Я посмотрел Гугл насчет "папки-регистратора" - похоже, многие говорят "прозрачный карман внутри".
"Пластик, толщина 0, 6 мм. Внутренний карман для документов. Формат А4. "


----------



## carriehhh

I'm afraid I can't link because I haven't made enough posts! 

I think the word I'm looking for is карман rather than файл - as I said, there are many different names for them in English and no native English speakers I've asked could agree on a definitive name for them.

карман it is - thank you!


----------



## Maroseika

Файл - который с дырочками, его можно вставлять в папку-регистратор. В общем, пока непонятно, о чем речь.


----------



## morzh

Maroseika said:


> Файл - который с дырочками, его можно вставлять в папку-регистратор. В общем, пока непонятно, о чем речь.



Well, as you can see, native English speakers don't know how to call it either. I wonder if English has a good analog for "3.14-юлина" - in 21 years I never heard a juicy taboo word quite so omni-descriptive.  There are doodah, doo-hickey, thing etc....but this is not at all what's needed.


----------



## Maroseika

morzh said:


> Well, as you can see, native English speakers don't know how to call it either.


Call what? That is the question. Is it really a thingamajig for the ringbinders?


----------



## carriehhh

We say either plastic wallet/sleeve/pocket in the UK. They are very thin, transparent plastic wallets with holes pre-punched down one side and they go inside the ringbinders. 
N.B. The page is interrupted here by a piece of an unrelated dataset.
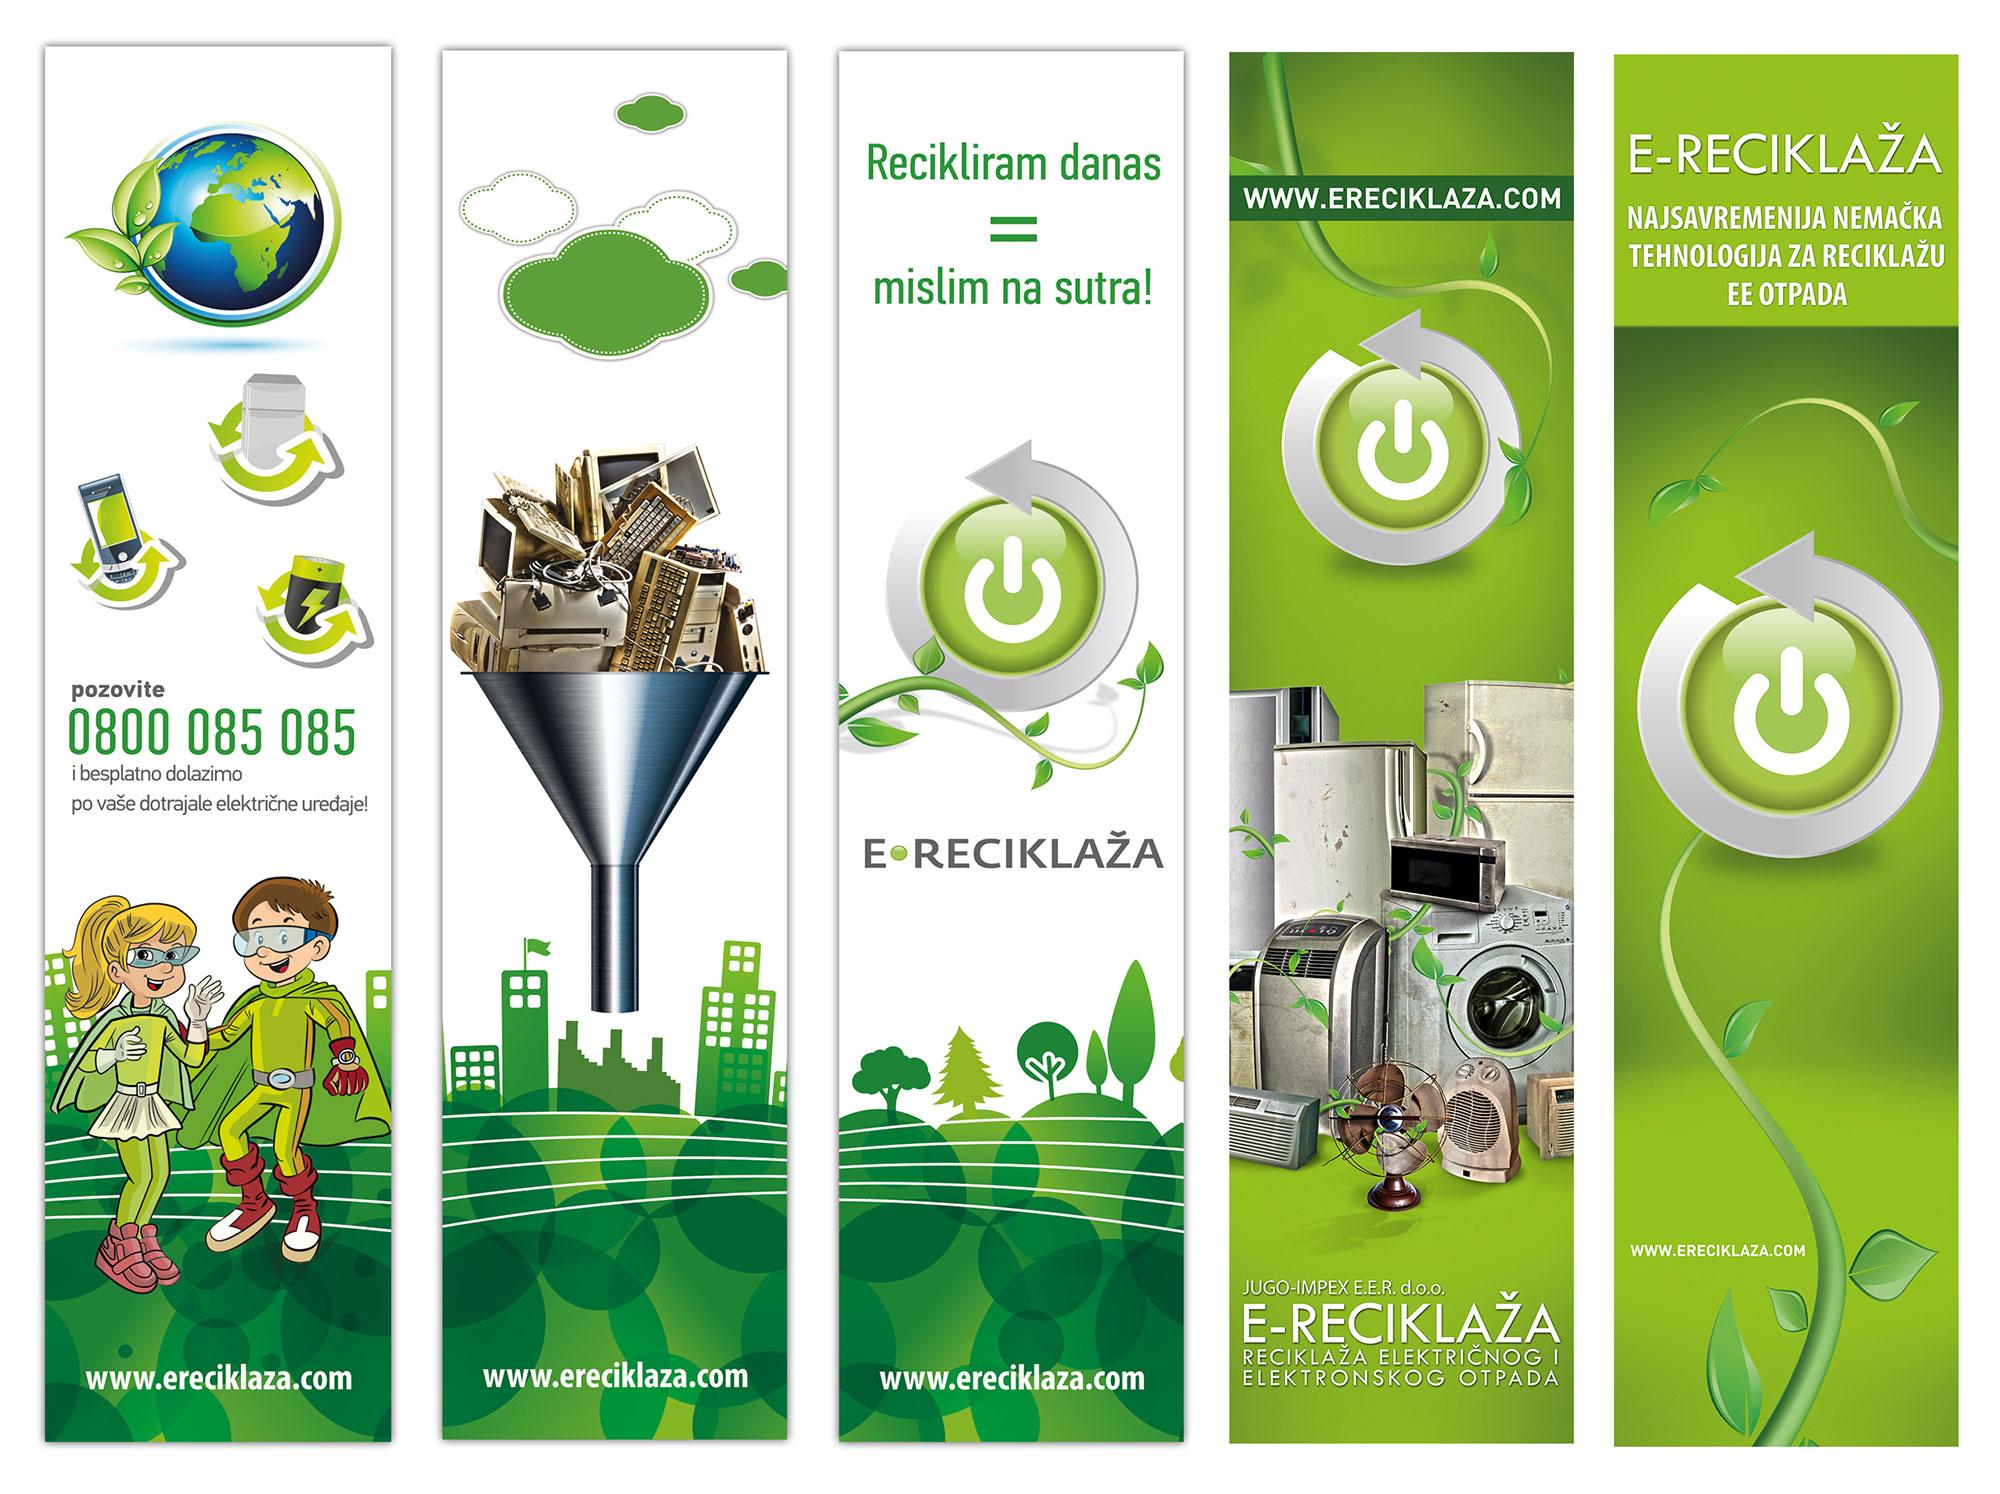 e-reciklaza rollup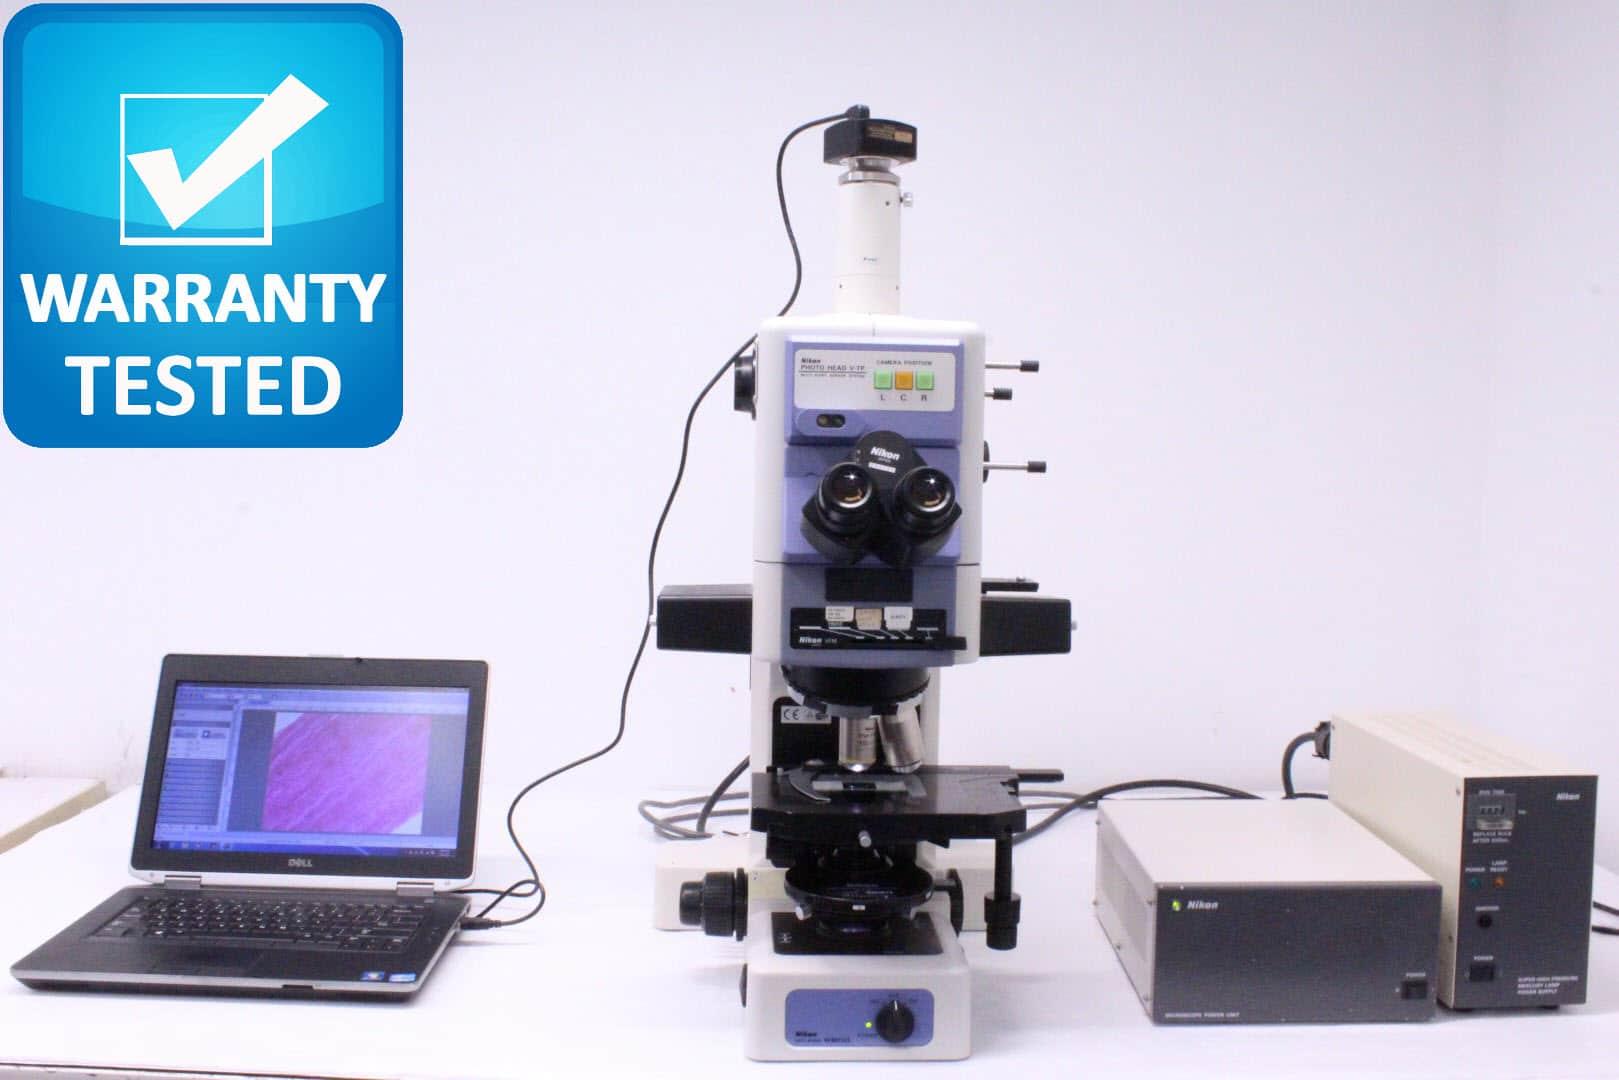 Nikon E800 Microscope Fluorescence DIC

It's possible to hole-punch paper and put paper directly into a ringbinder, but sometimes it gets ripped or damaged. To protect the paper inside the ringbinder, we first put the paper into a plastic wallet and then clip the wallet into the ringbinder.

Plastic wallets are normally really, really cheap (eg. I just bought 30 for 2 hrivna/25 US cents) and you can buy them in bulk.

Does this make it any clearer?


----------



## Maroseika

carriehhh said:


> Does this make it any clearer?


Yes, we call this thing файл. Or прозрачный файл.
http://www.google.ru/imgres?imgurl=...%D0%BB&um=1&hl=ru&newwindow=1&sa=N&tbs=isch:1


----------



## carriehhh

Thank you very much!

Apologies for the poor description!


----------



## morzh

http://www.metro-office.ru/Catalog5586.aspx

Здесь это называется "прозрачные вкладыши". Правда, объясняется это через слово "файл".

"Прозрачный файл" - ссылок много, но все почему-то - украинские.


----------



## morzh

О! Нашел

http://www.skrepki-da.ru/category/152/

Папка-вкладыш!

http://cleverplus.ru/shop/CID_1011.html

А тут и вовсе "папка файл-вкладыш".

Похоже, русские тоже еще не определились с названием.

Я бы предпочел "*папка-вкладыш*", просто потому, что "папка" все же правильней, чем "файл".


----------



## dec-sev

Agree with Maroseika. If the thing in the picture (post No.12) is what you mean, "файл" is the word you're looking for.





morzh said:


> Здесь это называется "прозрачные вкладыши".


Where is your _Здесь_? 





morzh said:


> Я бы предпочел "*папка-вкладыш*", просто потому, что "папка" все же правильней, чем "файл"


In spite of your preferences we call it just "файл".  I've never heard anybody call it differently, at least here in Sevastopol.


----------



## Valvs

Действительно, на большей части территории России (да и Украины, насколько мне известно) эта штука называется "файл". Варианты - "файлик", "прозрачный файлик", "файл с дырочками" (это для особо непонятливых  )  и т.д.

В некоторых городах Сибири говорят "мультифора". По-моему (хотя не уверен на 100%), это слово произошло от названия компании, которая первой стала поставлять в Сибирь такие файлы. Теперь новосибирцы приезжают в Москву, спрашивают мультифоры, на них смотрят круглыми глазами, и они уезжают из Москвы в убеждении, что москвичи русского языка не знают


----------